Worth, with a grimace of disgust, swallowed a dose of poisonous sherry. He ordered cigars. He was soft-voiced, contained, even in his cups bearing himself imitatively as a gentleman; with a thin face, narrow-browed, dominated entirely by his eyes, which were cold, hard, black, selfish, and unsympathetic.

The Spider—short, stocky, lowering—stared restlessly about the dingy hole, avoiding Worth's eye; he wanted to say something grateful, but the words stuck in his throat. Worth broke the pause.

"What are you going to do—now?" he asked, his tone cynically impersonal.
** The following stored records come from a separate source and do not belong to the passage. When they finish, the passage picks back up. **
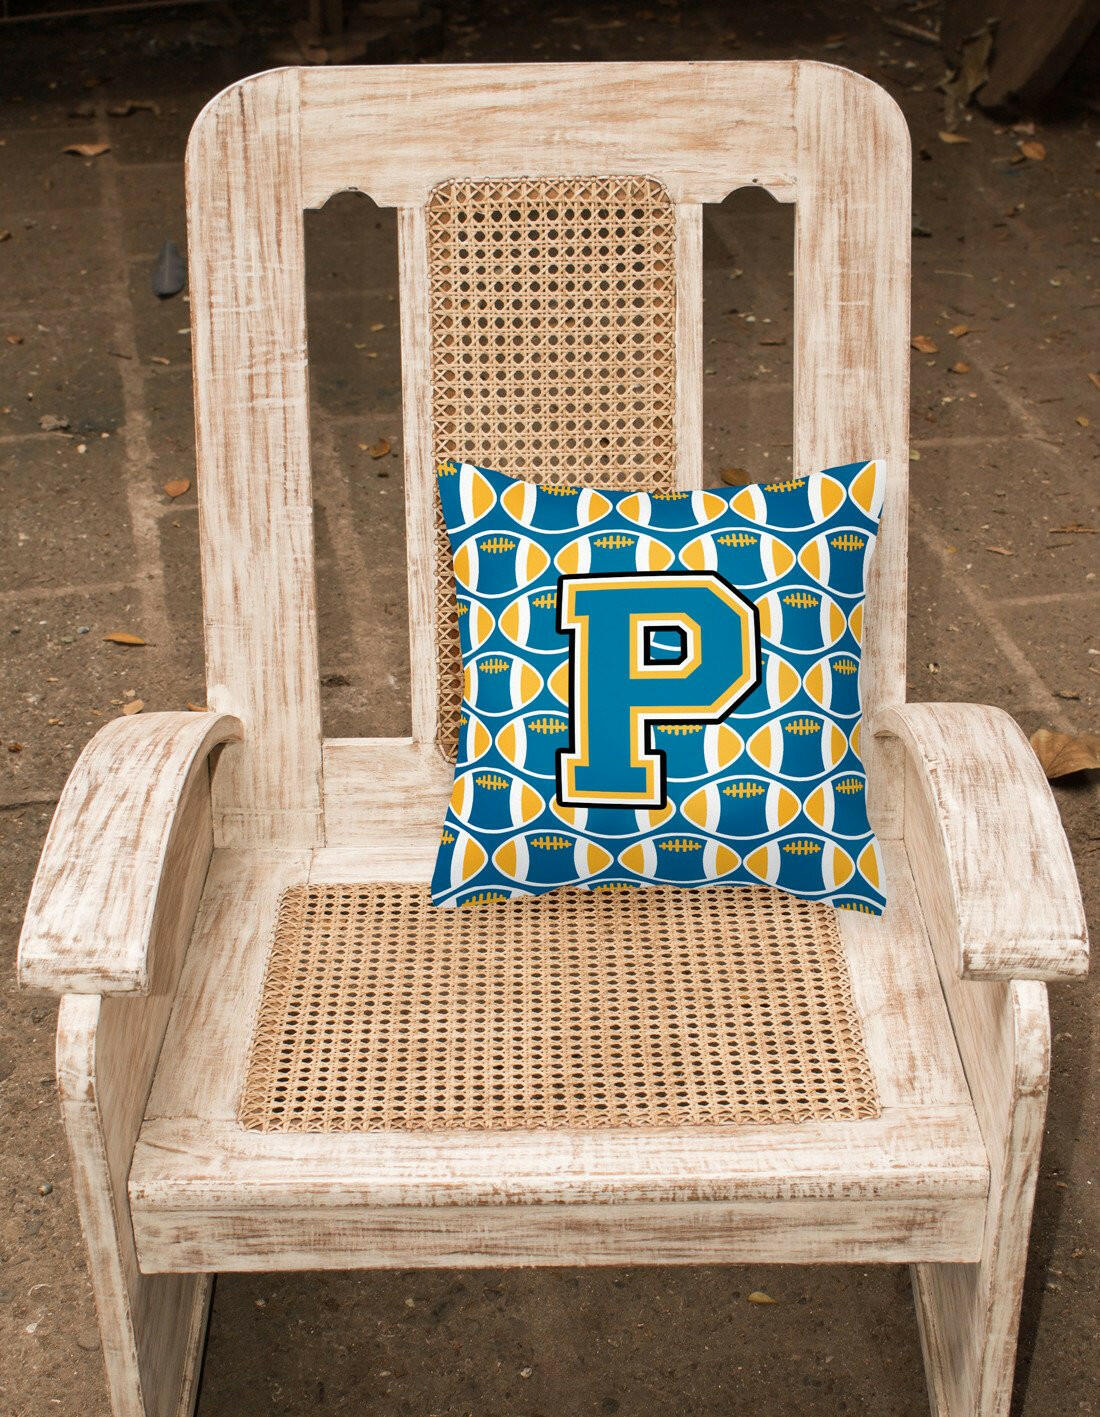 Letter P Football Blue and Gold Fabric Decorative Pillow CJ1077-PPW1414 by Caroline's Treasures
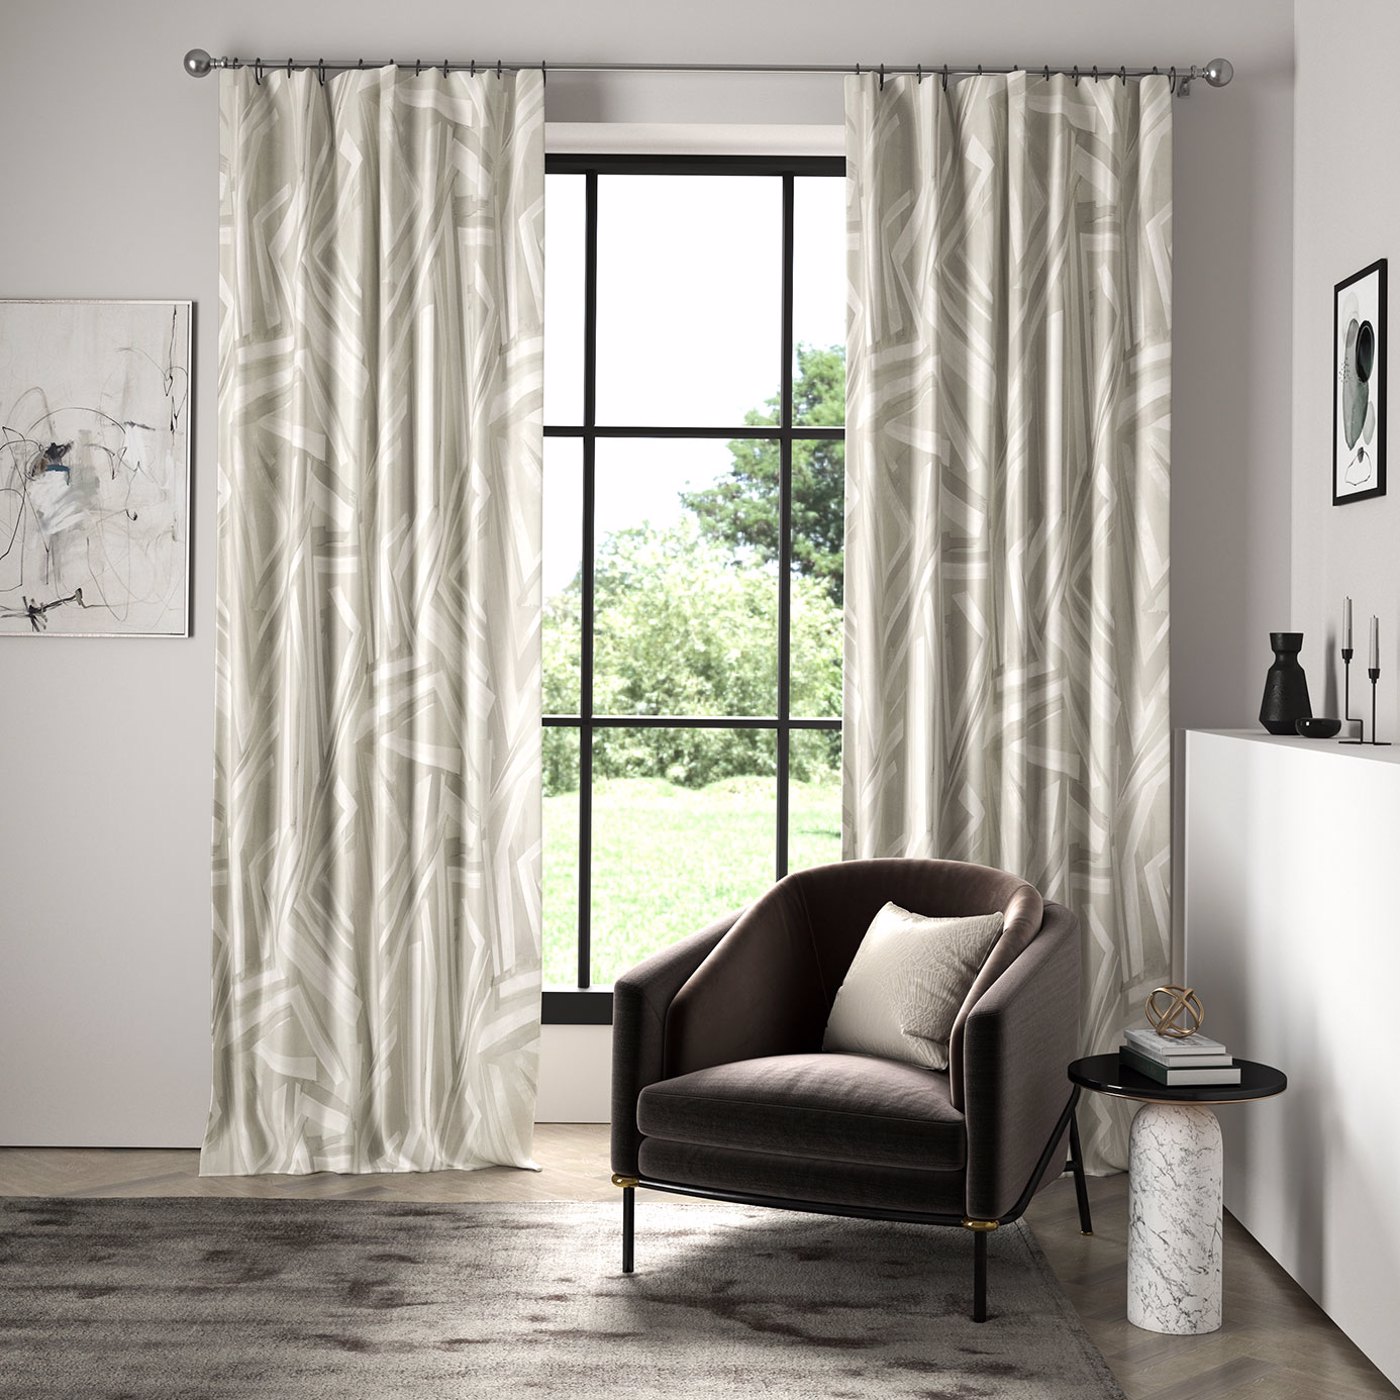 Transverse Marble Fabric by HAR
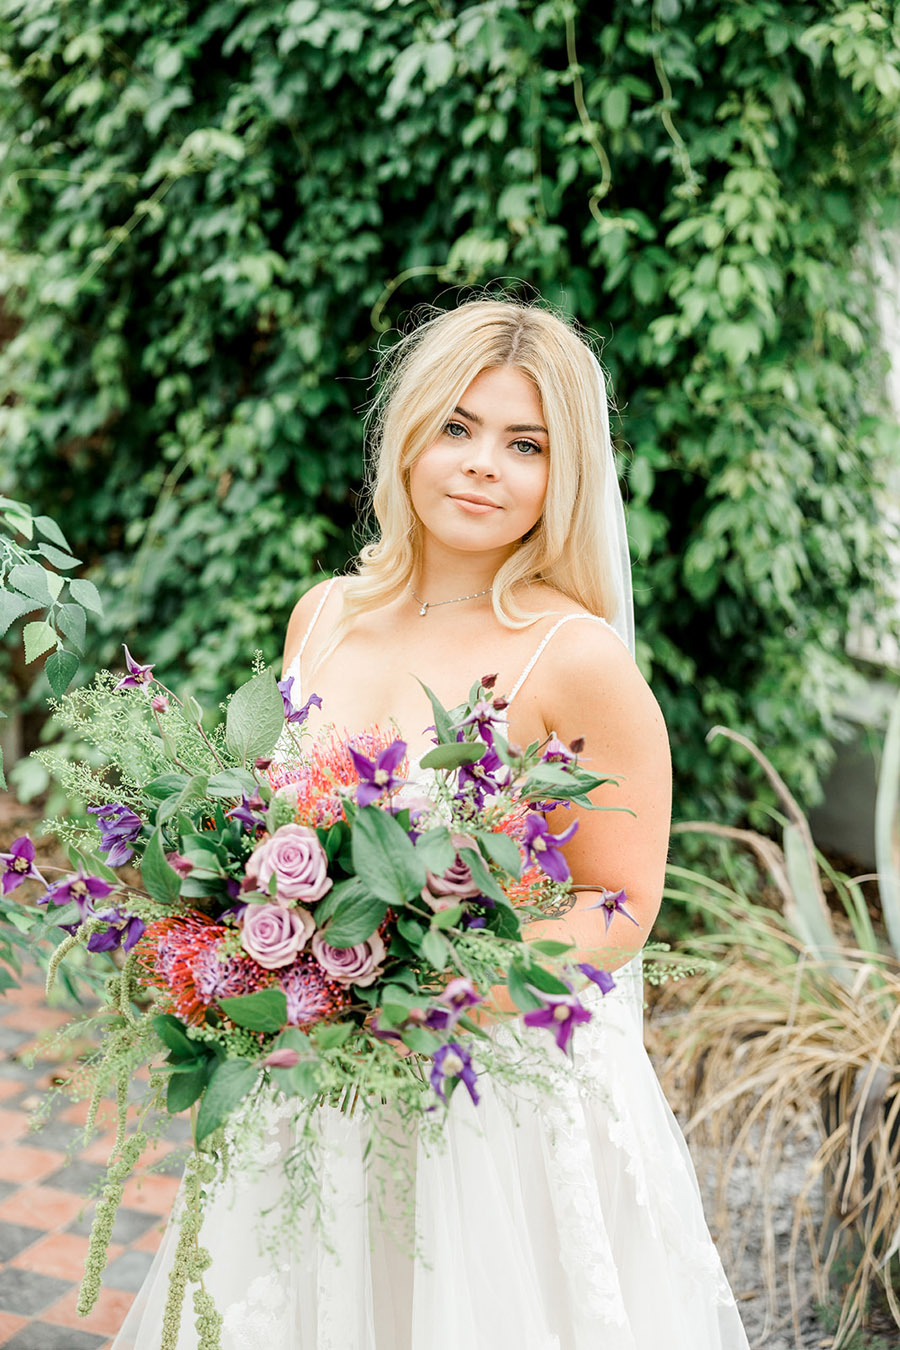 Modern intimate wedding styling inspiration from Slindon House, image credit Kelsie Scully (4)
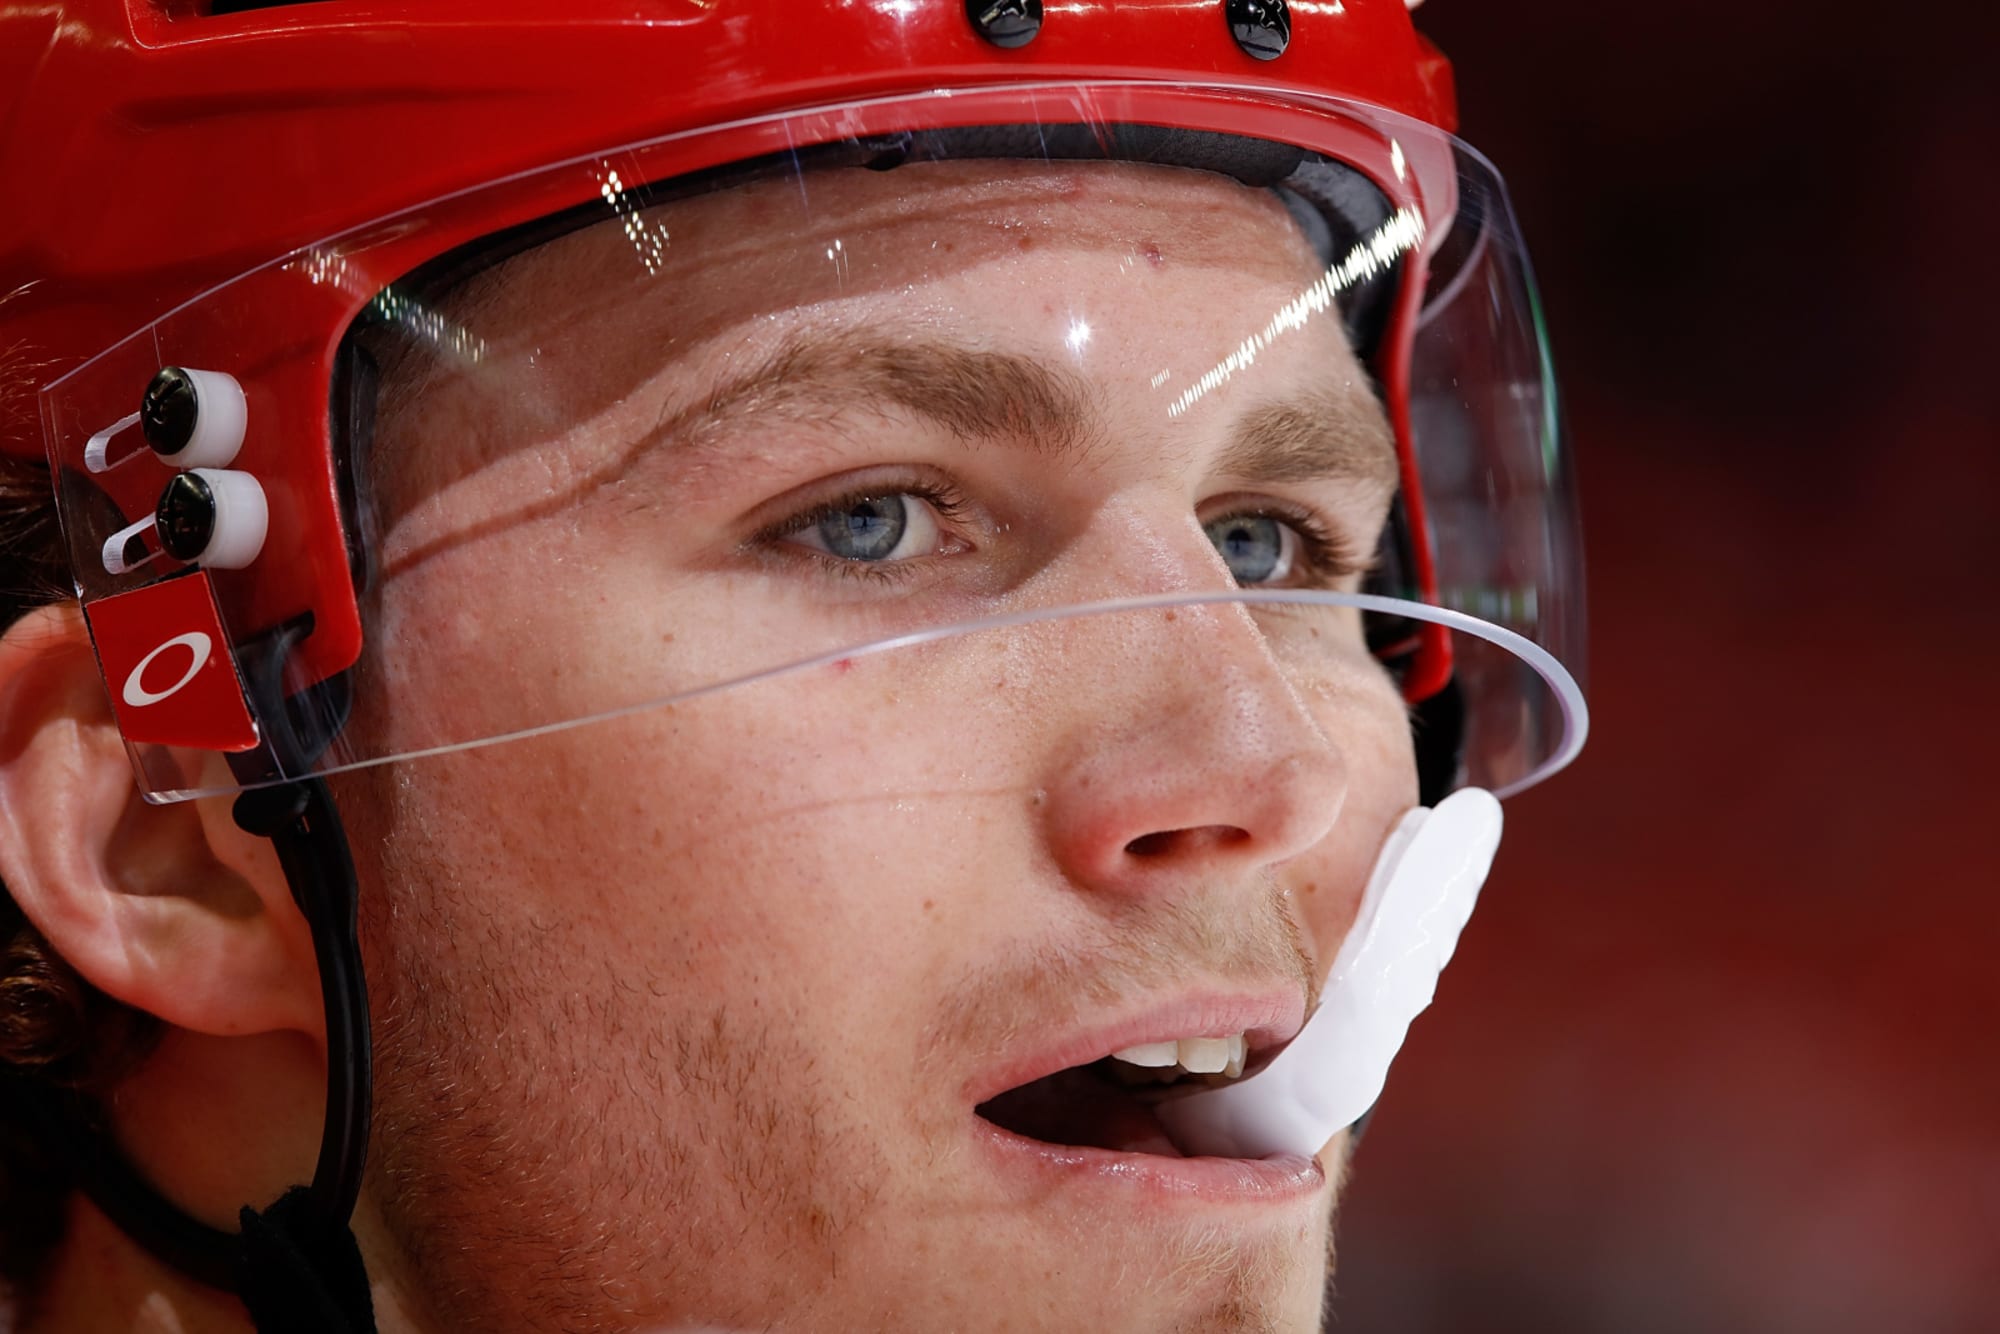 Is Matthew Tkachuk related to Keith Tkachuk? Are they related? - News

"Aw, I dunno—I ain't got no chanst."

This he reiterated hopelessly.

Worth needed a valet, a body-servant who should be devoted to his master's interests. He mentioned the fact, named wages. At any rate, he argued, it would do the Spider no harm to try it on.

"Naw," said the Spider; "I wouldn't do. I ain't got no chanst. I'm—too old!"

He quvered again, tracing meaningless circles with his forefinger on the sloppy table-top. "Thanks all the same."

He was twenty-six—not seven months more. But the "ring" drains the veins of its devotees; youth fades in its blush.

Afterwards he yielded and went with Worth.


III.

At the end of five years he was changed greatly, although he was still, to Worth and to his master's intimates, the Spider, the former light-weight champion. He had become clean-shaven, low-spoken, deferential; his arrogant self-assertiveness of old was gone; he even stooped slightly—his shoulders bent as if in outward and visible manifestation of his accepted bondage. He was yet slim, wiry, alert, quick of temper, if he had learned to suppress its showing. Time had altered little the inborn fighter.

He served Worth, doggedly submissive, intensely his "man." He came to know his master as you know your desk; and both loved and despised him. He kept him daily faultlessly groomed, and at night, often enough, assisted a grumbling cabby to carry the bemused, bedraggled drunkard to his rooms. He served without wages for months at a time; and without the flicker of an eyelash, he saw Worth cheat skilfully at his card-parties, and pocket the gains. He knew the mural worthlessness of the man, and loved him for the semi-occasional word of approval or appreciation which Worth weighed and flung him us a bone to a dog.

In the fifth year, Worth was at the end of his resources. His slender means were long since dissipated, his credit vanished; a whispered word or two about the clubs had cut off from him his main source of income—the card-parties. He was deep in debt.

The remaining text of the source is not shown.